Romée fait un dernier effort, mais en vain; le couvercle du coffre est soulevé, et l'œil de chacun plonge curieusement dans le fond qui se montre au grand jour. Mais, o surprise, au lieu d'or, de pierres précieuses, d'objets de prix, que voit-on dans le coffre? l'habit du pèlerin, sa gourde et sa panetière vides, rien de plus.
Ce fut, comme on le pense bien, un moment dramatique. Le comte jeta un coup d'œil terriblement sévère sur ses courtisans, et dit à Romée votre innocence est proclamée à la face du monde entier, je regrette d'avoir eu un instant de soupçon.
Le comte sortit radieux de la maison de Romée, car, au fond, il aimait son serviteur. A peine rendu dans son palais, il demandait à ses familiers ce qu'il pourrait bien faire pour lui témoigner son affection et sa confiance, quand il vit arriver celui qu'on avait accusé méchamment; seulement au lieu d'être vêtu en courtisan, le calomnié avait repris son habit de pèlerin.
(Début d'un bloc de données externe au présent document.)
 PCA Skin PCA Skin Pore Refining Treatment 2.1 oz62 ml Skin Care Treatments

Il s'avança jusqu'au pied du trône, et lui dit : Monseigneur, je vous ai servi longtemps honorablement; quand je suis entré à votre service vos finances étaient obérées, votre puissance était chancelante; Dieu m'a fait la grâce de seconder mes efforts et aujourd'hui vos finances sont prospères, votre pouvoir est assuré.
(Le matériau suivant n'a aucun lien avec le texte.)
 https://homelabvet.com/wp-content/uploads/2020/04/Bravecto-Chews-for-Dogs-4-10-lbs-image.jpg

La malveillance de vos courtisans a été plus grande que ma bonne volonté ; elle vous a poussé à me payer d'ingratitude, mais je ne vous en veux pas. Pauvre pèlerin j'étais quand je suis entre à votre service, pèlerin pauvre je suis en sortant de chez vous. Que la volonté de Dieu soit faite, et que Dieu vous bénisse!
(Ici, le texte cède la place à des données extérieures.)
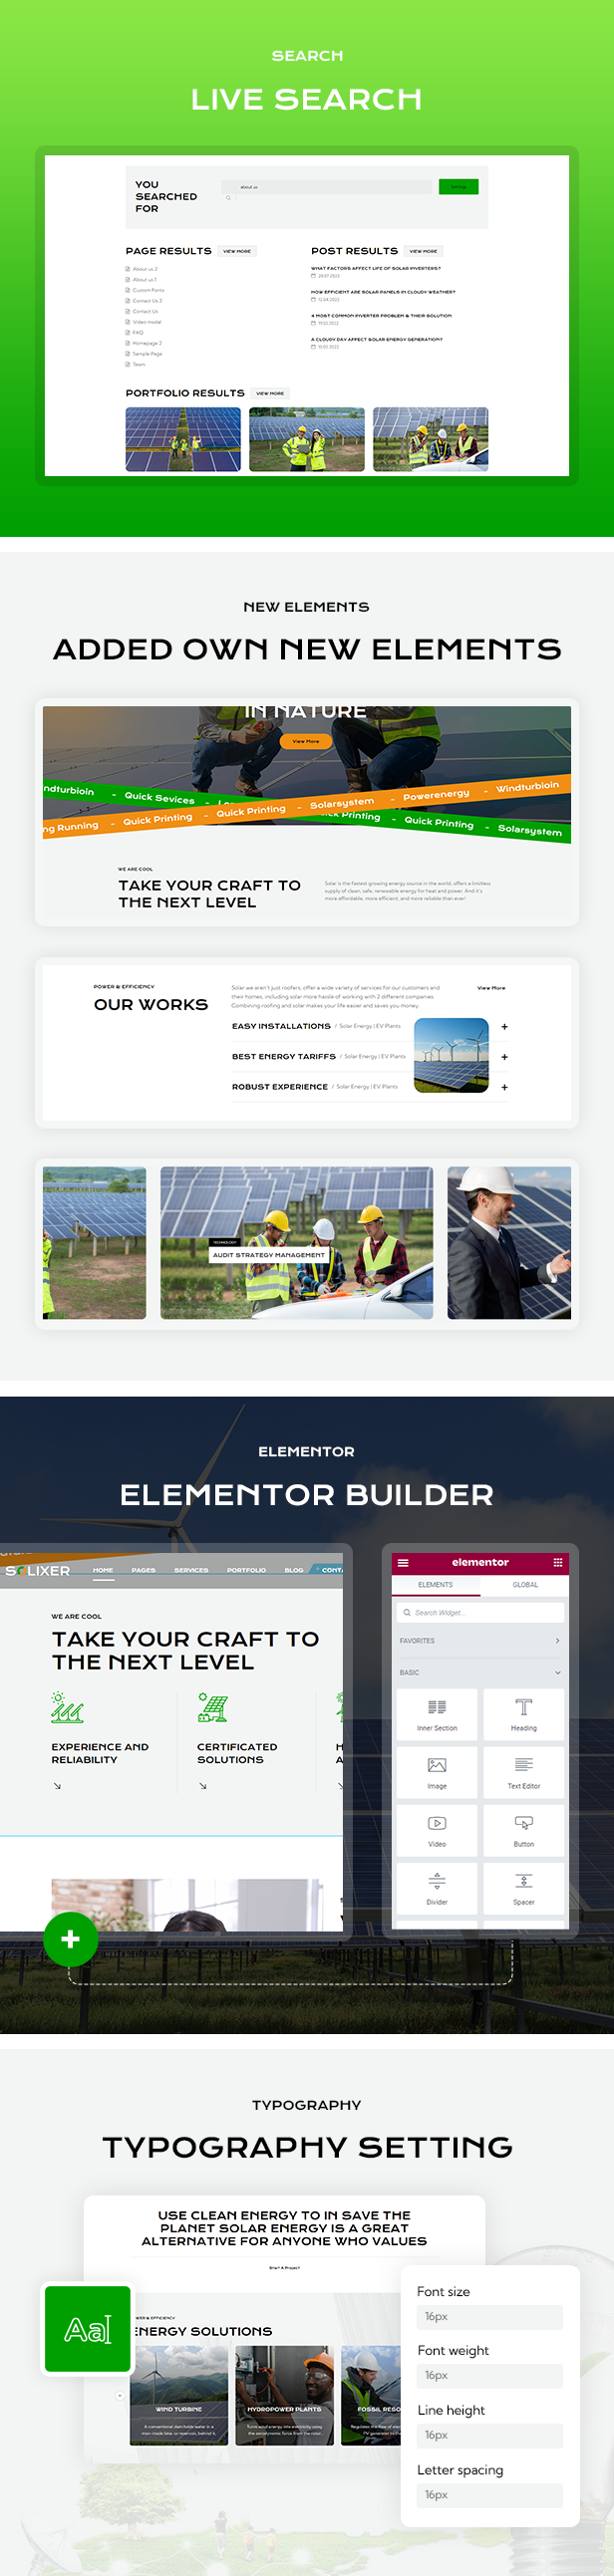 Solixer – Ecology & Solar Energy WordPress Theme

Le comte, péniblement affecté, fit tout ce qu'il put pour le retenir, mais la volonté de Romée fut inflexible; il partit, après avoir salué respectueusement, le comte et ses courtisans ébahis. Les paysans de la contrée purent voir sur la route, ce jour-là, marcher d'un pas tranquille et délibéré, le pèlerin, au front placide et résigné, qui se mettait à genoux devant chaque pilon portant une image sainte ou la croix, qui s'arrêtait pour prier un instant dans tous les oratoires, et qui, reprenant ensuite son chemin, disparût au loin sans qu'on n'ait jamais appris où il était allé. De sorte qu'on ne sut ni d'où il était venu, ni dans quel pays il s'était retiré.